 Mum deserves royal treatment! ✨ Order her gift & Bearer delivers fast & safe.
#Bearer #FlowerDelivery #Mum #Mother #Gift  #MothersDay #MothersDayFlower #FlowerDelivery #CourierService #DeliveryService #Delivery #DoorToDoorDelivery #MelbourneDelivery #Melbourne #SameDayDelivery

★ ★ ★ ★ ★ ★ ★

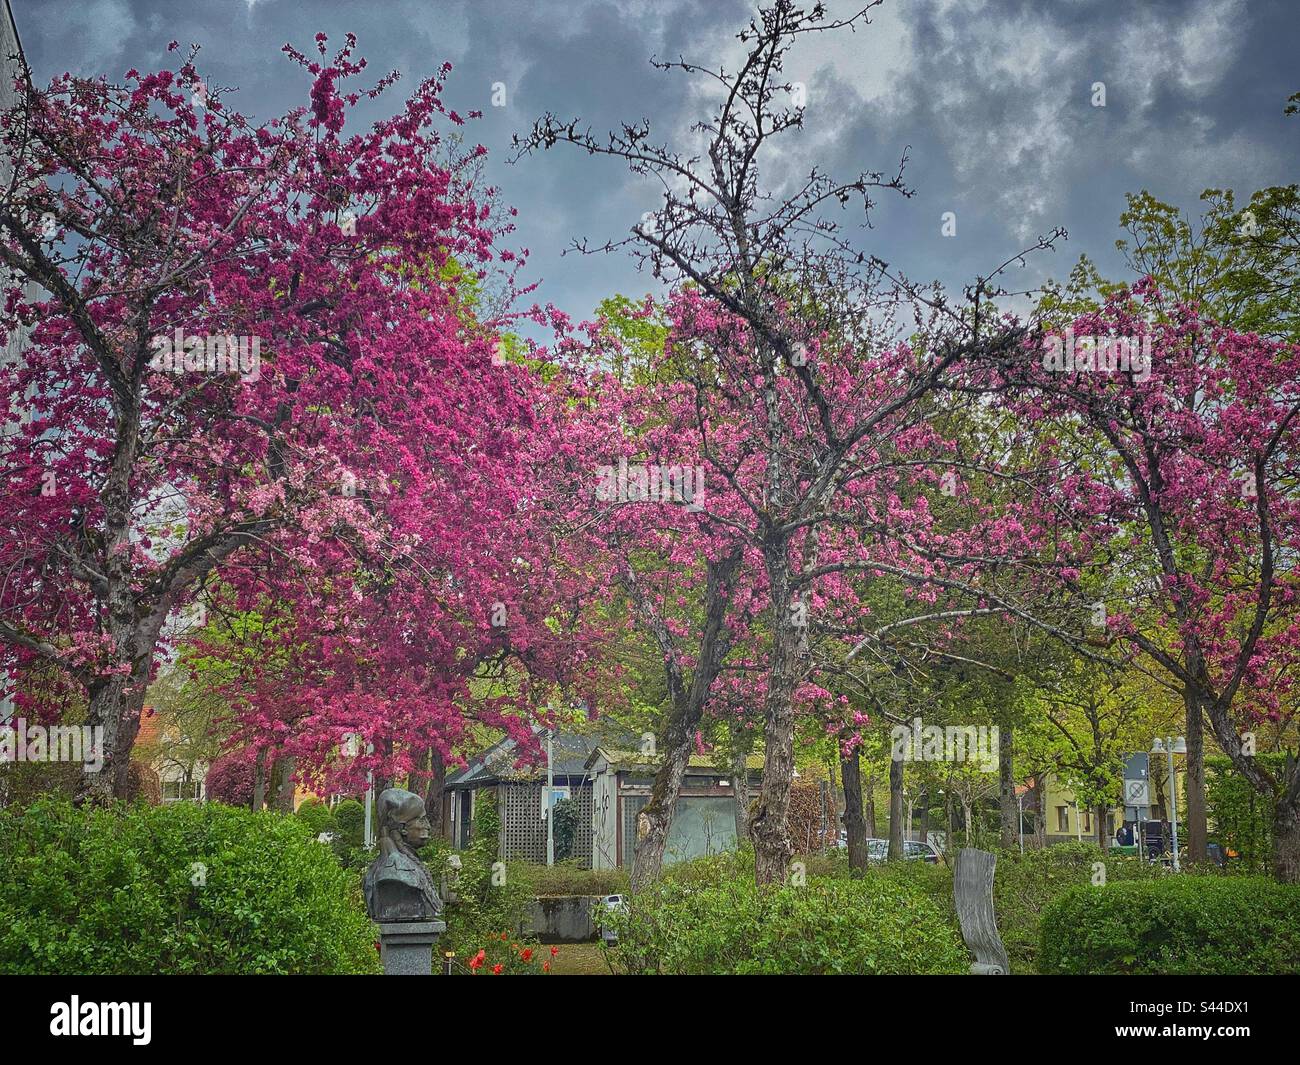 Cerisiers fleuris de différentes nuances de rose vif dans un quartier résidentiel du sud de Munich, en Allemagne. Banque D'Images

★ ★ ★ ★ ★ ★ ★

Retype the portion of the data above that starts on the line with "Mum deserves royal" and finishes on the line with "#Bearer #FlowerDelivery #Mum", including both of those lines.

§ **TASK SOLUTION**
 Mum deserves royal treatment! ✨ Order her gift & Bearer delivers fast & safe.
#Bearer #FlowerDelivery #Mum #Mother #Gift  #MothersDay #MothersDayFlower #FlowerDelivery #CourierService #DeliveryService #Delivery #DoorToDoorDelivery #MelbourneDelivery #Melbourne #SameDayDelivery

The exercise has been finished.